As for the Myrka….No purists can surely complain about the new iteration of this creature which in the original never looked anything like an actual animal. The problem really was it’s head which sways back and forth as it moves yet has no movement of its own so it’s roaring doesn’t even appear to be coming from the creature.  Pennant Roberts did try and shoot it in a manner that disguised its origins, a gift for the new version, but on such brightly lit sets its never really going to look convincing and sometimes it looks embarrassing. Obviously an extra two months back in 1985 was never going to deliver the special edition Myrka which looks terrific justifying its place in the story where it’s built up as something menacing, horrific and dangerous. The way it’s been integrated into the footage is superb and they have even managed to cut Solow’s infamous Karate Kid homage.

Though rarely bracketed alongside the prime examples of the show’s move towards more violent stories, `Warriors` is certainly a step towards that goal. Every character except for the Doctor, Tegan and Turlough ends up dead though not quite in the same gritty manner as `Caves of Androzani`.  By now Eric Saward was well established as a script editor with a penchant for killing as many characters as possible which was certainly achieved here, apparently Byrne intended a few would survive. However, they do tend to perish when the story has finished with them, Maddox being the prime example. I suppose this slaughter does underscore the Doctor’s last line yet that would have still have worked.

As was often the case, the characters are defined by their roles rather than anything deeper and with the exception of Maddox early on, we learn nothing about them. There is no believable cultural difference between then and now. They are just soldiers, technicians, engineers without any depth. Nilson’s character is unveiled as the undercover agent too soon in the narrative though the choices Ian McCullouch makes reveal his intentions almost from his first appearance.



Meanwhile the story has Tegan and Turlough at their most grouchy. Turlough in particular seems to delight in pessimistic commentary; at the end of episode one he concludes without any empathy or indeed confirmation; “Face it, Tegan. The Doctor’s drowned.”  Similar droll observations are peppered through the story. You get the impression he’d happily nick the Tardis and venture off without a glance behind. At the end he unnecessarily announces looking at the corpses, “They’re all dead, you know.”  I kind of like this, as if Turlough is trying to remain uninvolved and still be the sly onlooker.

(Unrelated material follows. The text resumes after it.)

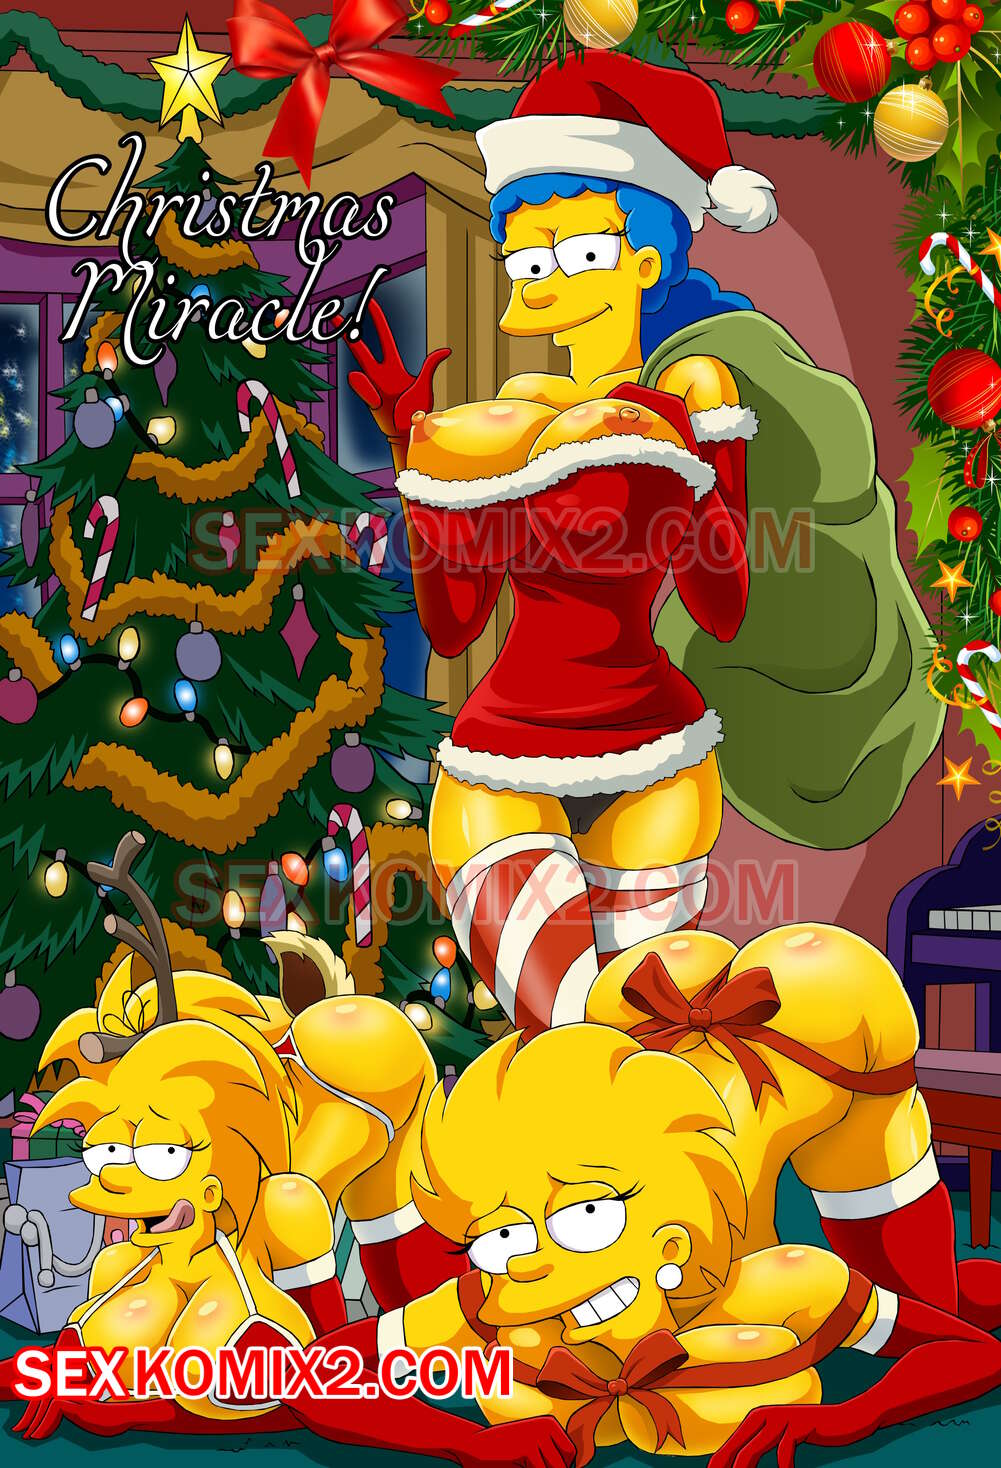 1001px x 1468px - âœ…ï¸ Porn comic The Simpsons. Christmas Miracle. by sexkomix2.com. | Comics  porno en espaÃ±ol solo para adultos | sexkomix2.com
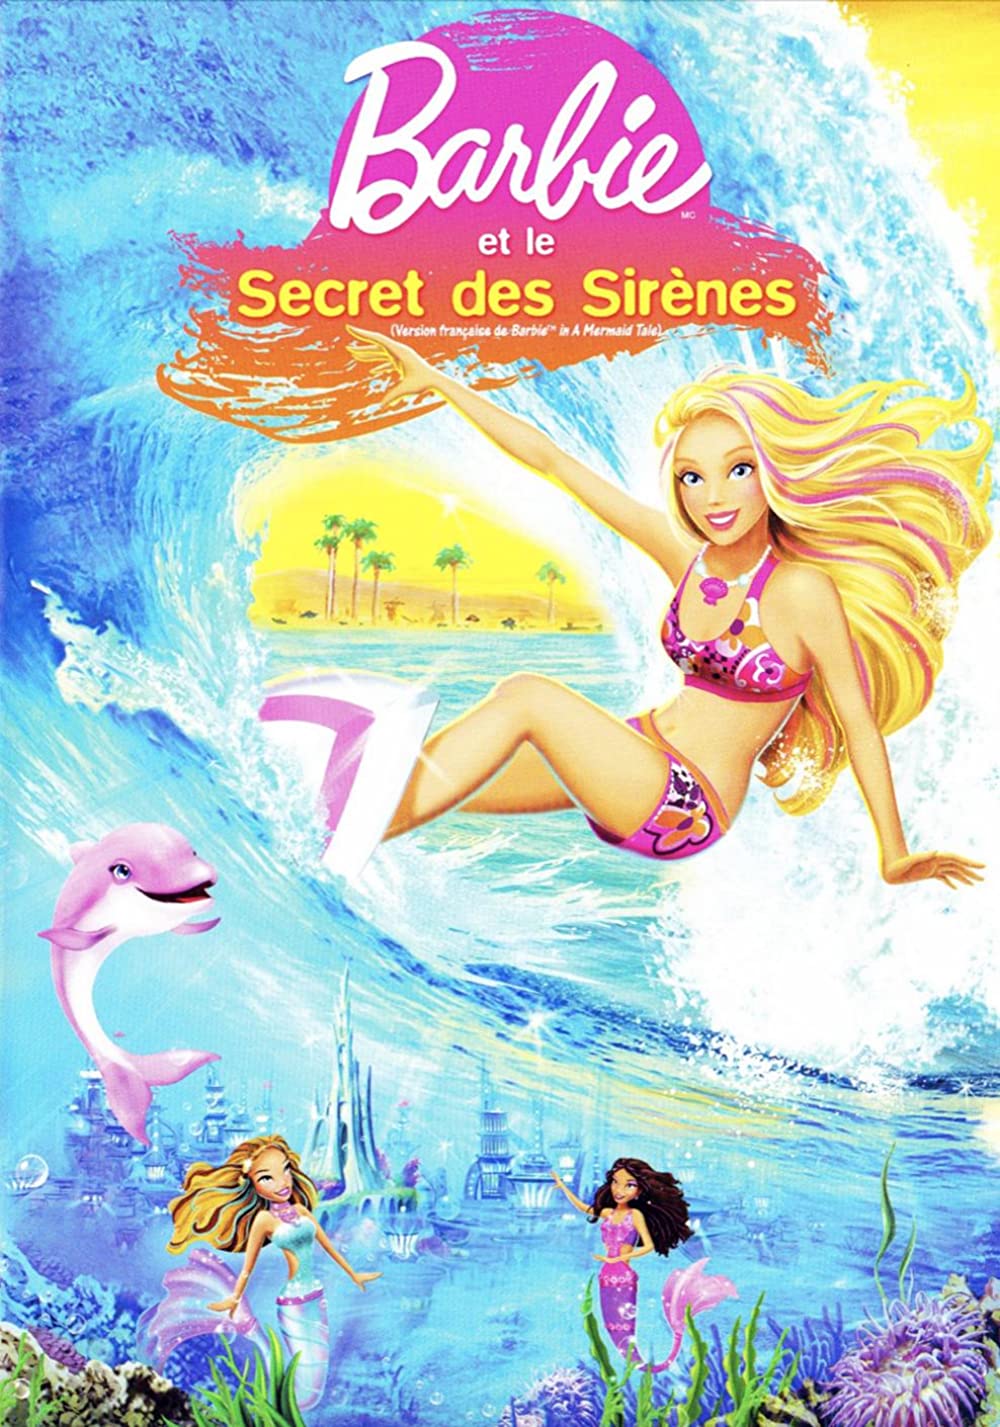 Download Barbie in a Mermaid Tale Movie | Watch Barbie In A Mermaid Tale Divx

The crew’s dialogue is fine, they are after all people doing a job and there are a few examples of something more down to earth peaking through. Yet the reptiles have a slow delivery which matches their gait. I actually laughed at a moment when one of the Silurians has to check something is in a box. Very slowly he lifts the lid to confirm its there. “Yes” he says. Exciting it is not. I think the scene has been excised in the special edition though.

What the story also loses is the moral range of the Silurians, evident in their first story. While there is a line playing homage to it, I felt it worked better when one of the three Silurians had doubts about their methods in the 1970 story. Here, they could any aggressive race; what made them different has been lost.The real shining light in the story is Peter Davison who rises above the material and ignores the less than convincing threats to deliver a very strong performance. The Doctor has a wiliness here, he takes real risks he guesses will come right and he’s also not afraid to wade into the action.

I’m not sure `Warriors of the Deep` will ever be in my pantheon of great Doctor Who but having watched it twice lately (old and new version) I can see more in it than I used to. And the Myrka is good now. Whoever thought that would happen?